Tuesday 20 June 2017

Picky people

Our book on Bayesian cost-effectiveness analysis using BCEA is out (I think as of last week). This has been a long process (I've talked about this here, here and here).

Today I've come back to the office and have open the package with my copies. The book looks nice $-$ I am only a bit disappointed about a couple of formatting things, specifically the way in which computer code got badly formatted in chapter 4.
We had originally used specific font, but for some reason in that chapter all computer code is formatted in Times New Romans. I think we did check in the proofs and I don't recall seeing this (which, to be fair, isn't necessarily to swear that we didn't miss it, while checking...).

Not a biggie. But it bothers me, a bit. Well, OK: a lot. But then again, I am a(n annoyingly) picky person...

Monday 19 June 2017

Homecoming (of sort...)

I spent last week in Florence for our Summer School. Of course, it was home-coming for me and I really enjoyed being back to Florence $-$ although it was really hot. I would say I'm not used to that level of heat anymore, if it wasn't for the fact that I have caught my brother (who still lives there) huffing and complaining about it several times!...

I think it was a very good week $-$ we had capped the number of participants at 27; everybody showed up and I think had a good time. I think I can speak for myself as well as for Chris, Nicky, Mark and Anna and say that we certainly enjoyed being around people who were so committed and interested! We did joke at several points that we didn't even have to ask the questions $-$ they were starting the discussion almost without us prompting it...

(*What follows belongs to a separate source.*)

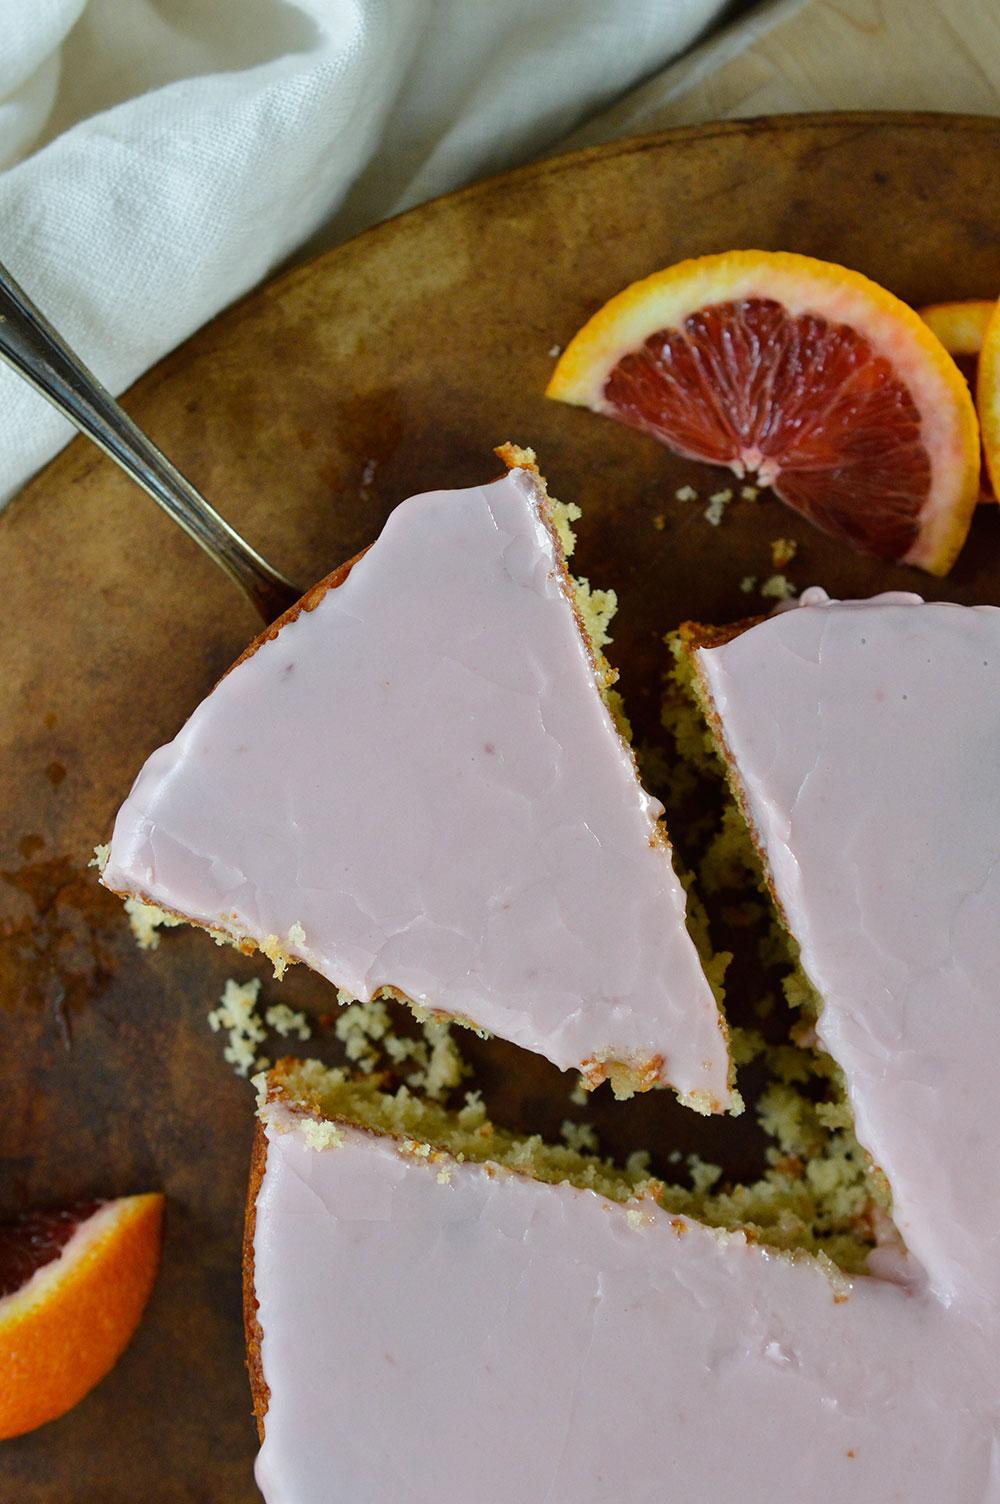 Blood Orange Cake Recipe with Blood Orange Glaze. This easy cake recipe is a beautiful dessert with mild orange flavor.

The location was also very good and helped make sure everybody was enjoying it. The Centro Studi in Fiesole is an amazing place $-$ not too close to Florence that people always disappears after the lectures, but not too far either. So there was always somebody there even for dinner and a chat in the beautiful garden, although some people would venture down the hill (notably, many did so by walking!). We also went to Florence a couple of times (the picture is one of my favourite spots of the city, which I obviously brought everybody to...).

Friday 9 June 2017

Surprise?

So: for once I woke up this morning feeling slightly quite tired for the late night, but also rather upbeat after an election. The final results of the general election are out and have produced quite some shock.

Throughout yesterday, it looked as though the final polls were returning an improved majority for the Conservative party $-$ this would have been consistent with the "shy Tory" effect. Even Yougov had presented their latest poll suggesting a seven points lead and improved Tory majority. So I guess many people were unprepared for the exit polls, which suggested a very different figure...

First off, I think that the actual results have vindicated Yougov's model (rather than the poll), based on a hierarchical model informed by over 50,000 individual-level data on voting intention as well as several other covariates. They weren't spot on, but quite close.

Also, the exit polls (based on a sample of over 30,000) were remarkably good. To be fair, however, I think that exit polls are different than the pre-election polls, because unlike them they do not ask about "voting intentions", but the actual vote that people have just cast.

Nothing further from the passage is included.